Ils auraient pu amasser mousse, ces pierres qui roulent depuis 1962, et qui ont envoyé pas mal de concurrents en dehors de la scène artistique à commencer par leurs adversaires attitrés, les Beatles puis les Who et les Doors, pour ne parler que des géants british.
Par Ali El Hadj Tahar
Les Roling Srones n’ont donc pas sorti de nouvelle chanson depuis 2016, année de sortie de Blue & Lonesome, le vingt-troisième album studio du mythique groupe rock britannique. L’album Blue & Lonesome s’était fait beaucoup attendre puisqu’il n’est sorti que onze années après A Bigger Bang. Entre 1964, date de sortie du premier album des Stones, et 1989, le groupe de Mick Jagger avait habitué ses fans à sortir presque un album par an. Enregistrée avant le confinement, la dernière chanson des rockers anglais est en totale harmonie avec ce qui se passe dans le monde : le confinement de plus de 4 milliards d’humains, puisqu’elle parle justement d’isolement et de solitude. Alors qu’ont les pensait déjà en retraite, les voila qui récidivent, ces séniors qui ne rouillent ni n’amassent mousse, en sortant, le 23 avril, leur premier single depuis huit ans, « Living In A Ghost Town » (Vivre dans une ville-fantôme). Ce titre que l’on croirait fait spécialement pour la situation qui prévaut actuellement a pourtant été écrit il y a plus d’un an. « Les Stones enregistraient en studio de nouveaux morceaux avant le confinement, et on a trouvé qu’une chanson, Living In A Ghost Town, résonnerait plus particulièrement en cette période », écrit Mick Jagger sur Twitter. Le chanteur quasi septuagénaire ajoute : « Elle n’a pas été écrite pour maintenant », précise le chanteur. « Elle parle d’un endroit qui était auparavant plein de vie, et se retrouve sans vie… J’étais en train de jouer de la guitare et je l’ai écrite vite, en dix minutes. » Mick a cependant légèrement modifié le texte avant la sortie du single. Les nouvelles paroles évoquent la solitude de l’isolement. « Please let this be over / Stuck in a world without end », dit notamment la chanson (« Faites que ça se termine / Coincés dans un monde sans fin »). Keith Richards, le soliste et 4e plus grand guitariste de tous les temps, renchérit : « C’est étrange de la voir soudainement prendre vie », a-t-il déclaré. Keith Richards, Mick Jagger, Brian Jones et Ian Stewart, fondateurs du groupe en 62 et ses quasi-fidèles icones, devaient donner quinze concerts en Amérique du Nord à partir du 8 mai, mais la pandémie a tout bouleversé. La chanson a pu voir le jour malgré le confinement, et ils ont même donné un concert virtuel organisé pour soutenir les soignants mobilisés face à la pandémie.
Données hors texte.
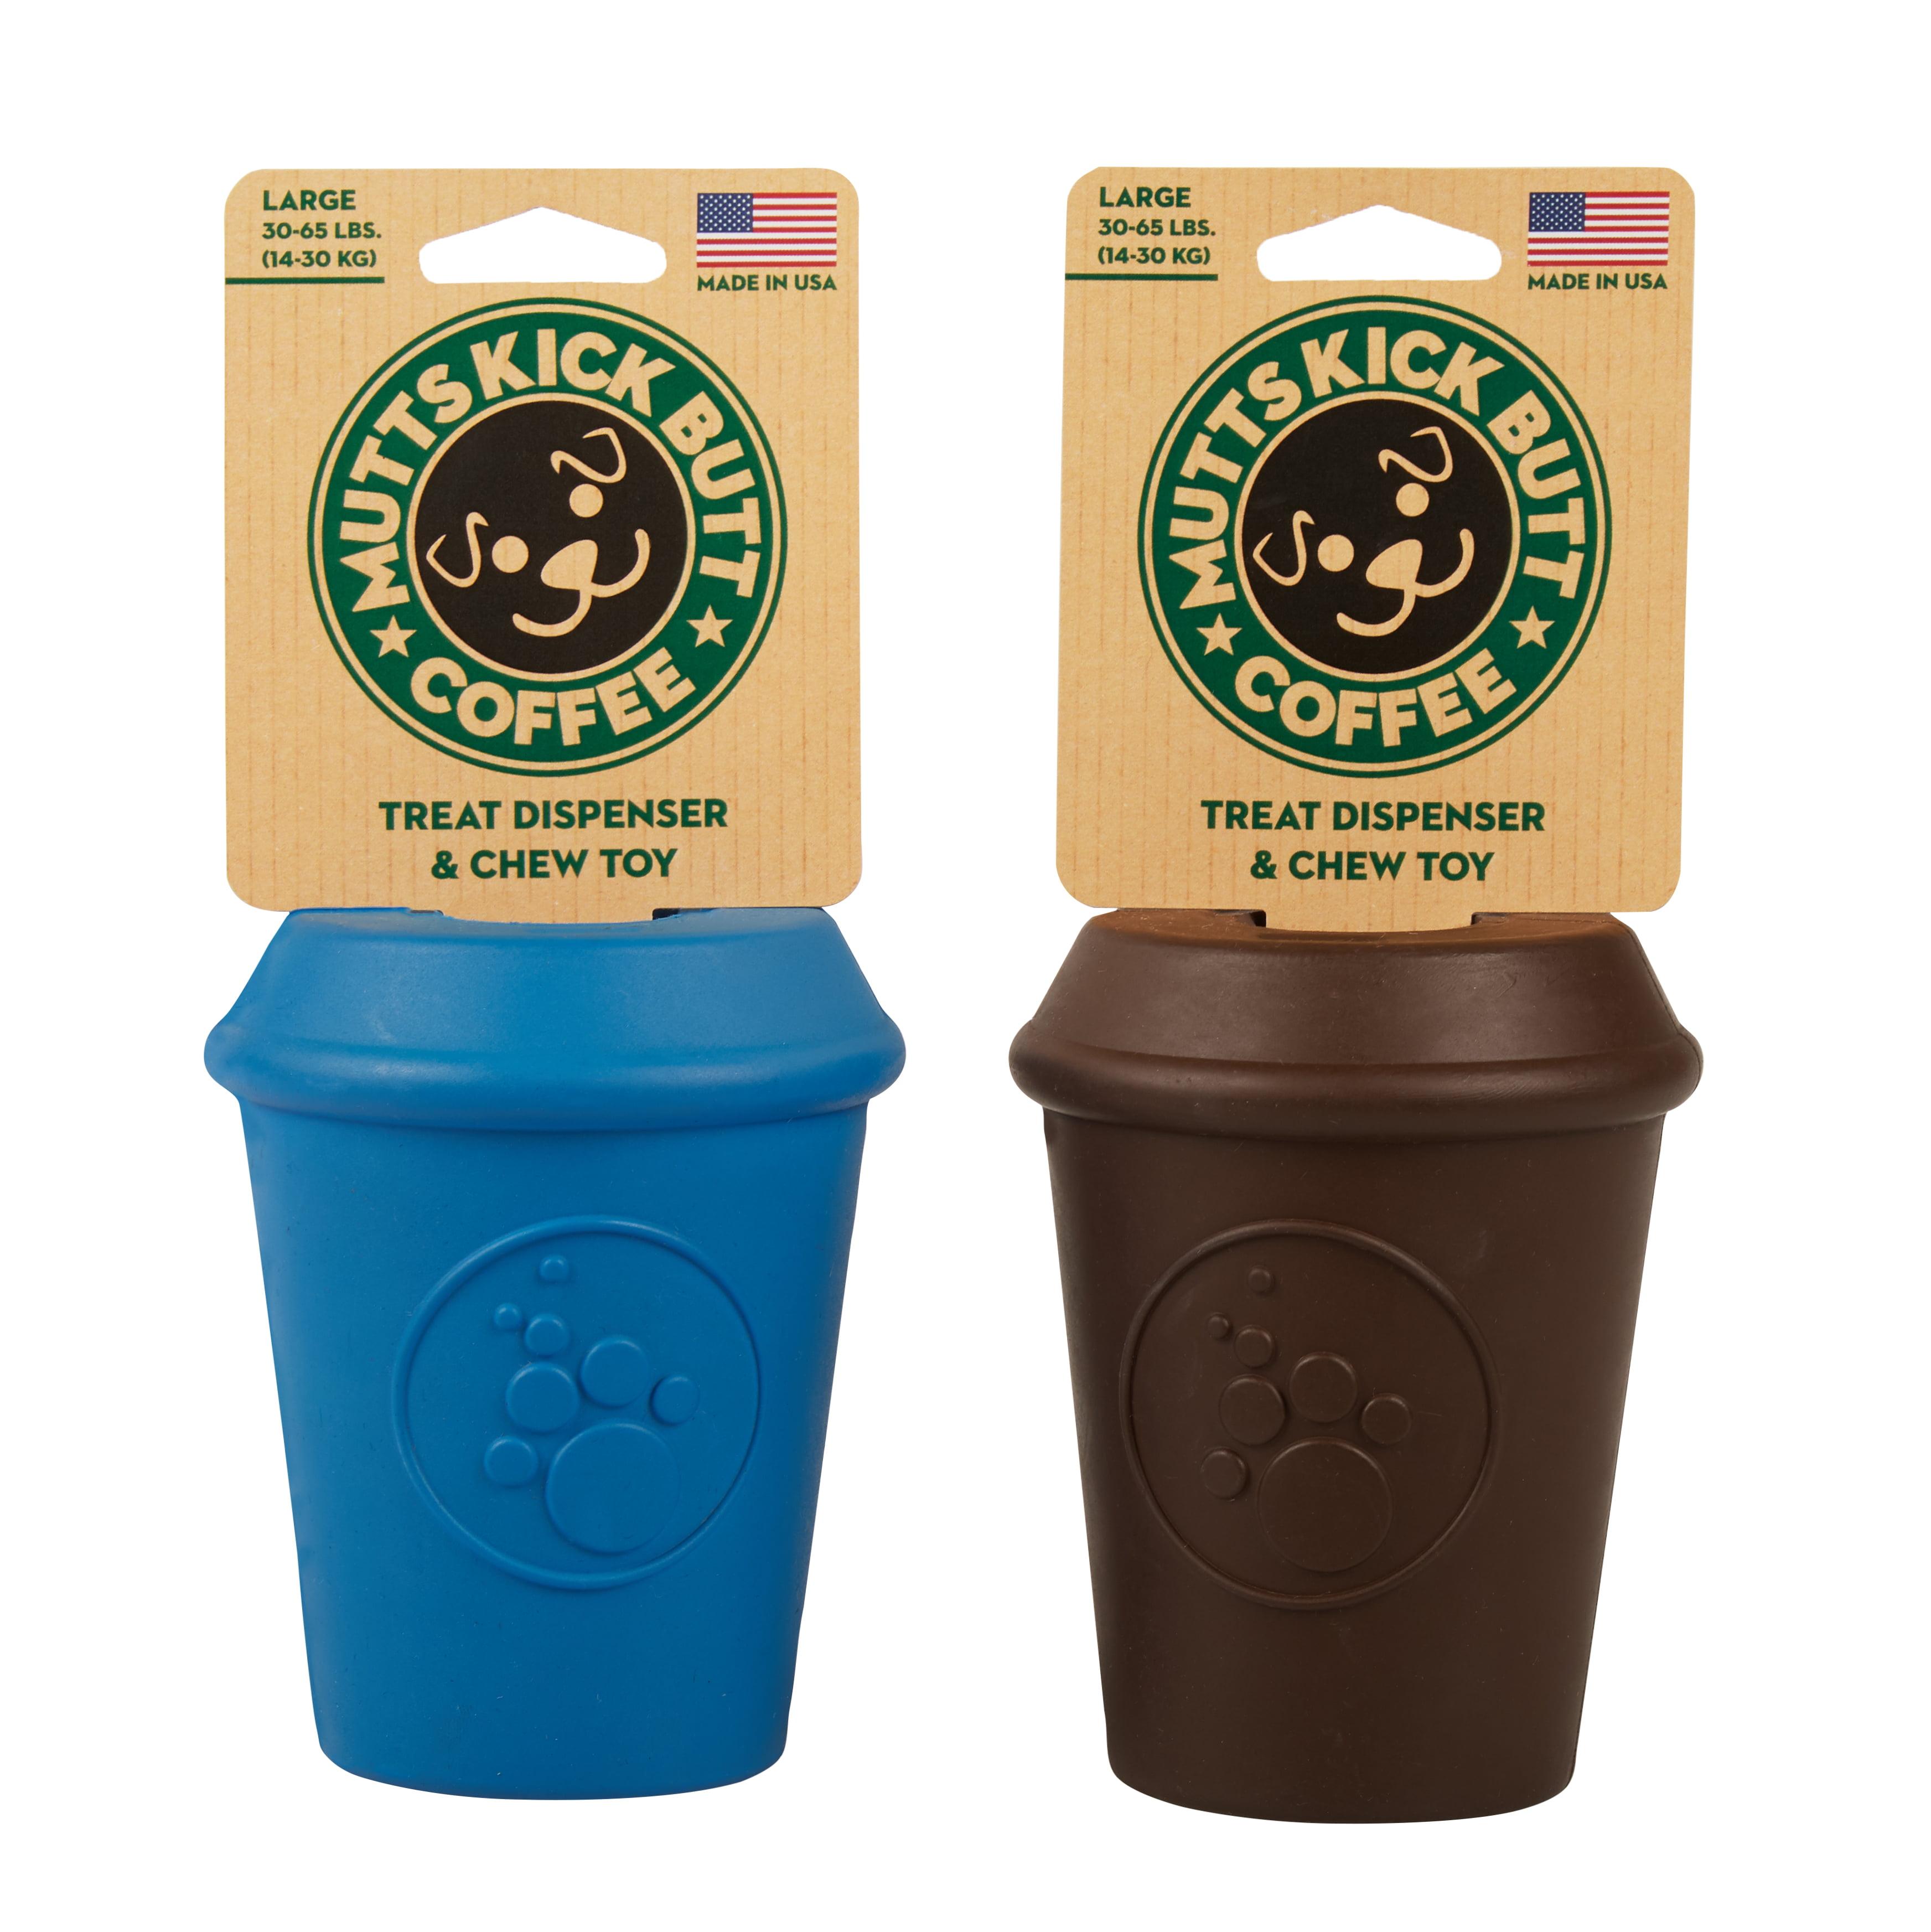 MKB Coffee Cup Treat Dispenser Dog Toy L

La chanson Living In A Ghost Town a été écrite par Mick Jagger et Keith Richards, et enregistrée l’an dernier à Los Angeles et Londres, puis finalisée pendant le confinement. Les paroles évoquent le chaos, la destruction, l’isolement et la solitude, dans un monde vidé de ses habitants, sans fêtes ni joie. On peut penser qu’une guerre atomique ait mis le monde entier sous scellés mais les paroles s’adaptent à la pandémie actuelle. Il n’y a donc rien de prémonitoire dans ses paroles mais seulement une coïncidence, d’autant que de nombreux œuvres littéraires ou picturales ont traité de ce sujet, depuis Le Petit Prince de Saint Exupéry, Robinson Crusoé de Daniel Defoe ou les peintures vides de Giorgio de Chirico, par exemple. La légende du rock planétaire a donc mis le paquet dans cette chanson forte qui a été enregistrée pour un nouvel album, un projet en cours. La pandémie a décidé les Stones de mettre en circulation ce clip de quatre minutes qui montre des images de villes désertes, captées avec l’effet circulaire d’un objectif «œil de poisson». « Je suis un fantôme dans une ville fantôme», chante Jagger. Comme toutes les chansons des Stones, celle-ci renvoie aux racines du blues et de la rock musique et qui a été écrite presque de la même manière que « Satisfaction », le tube immortel des Stones dont Keith Richards a créé le riff presque par hasard une nuit d’insomnie, sauf que pour Ghost, c’est le couple Mick Jagger et son faux double, Keith Richards, qui ont en concocté les paroles. Le reste, la musique, a été brodé par l’expérience. Les immortels du rock en colère restent donc sur la même tonalité acidulée douce amère qui donne et le blues et l’envie de croquer la vie et d’en briser les barreaux.
A.E.T.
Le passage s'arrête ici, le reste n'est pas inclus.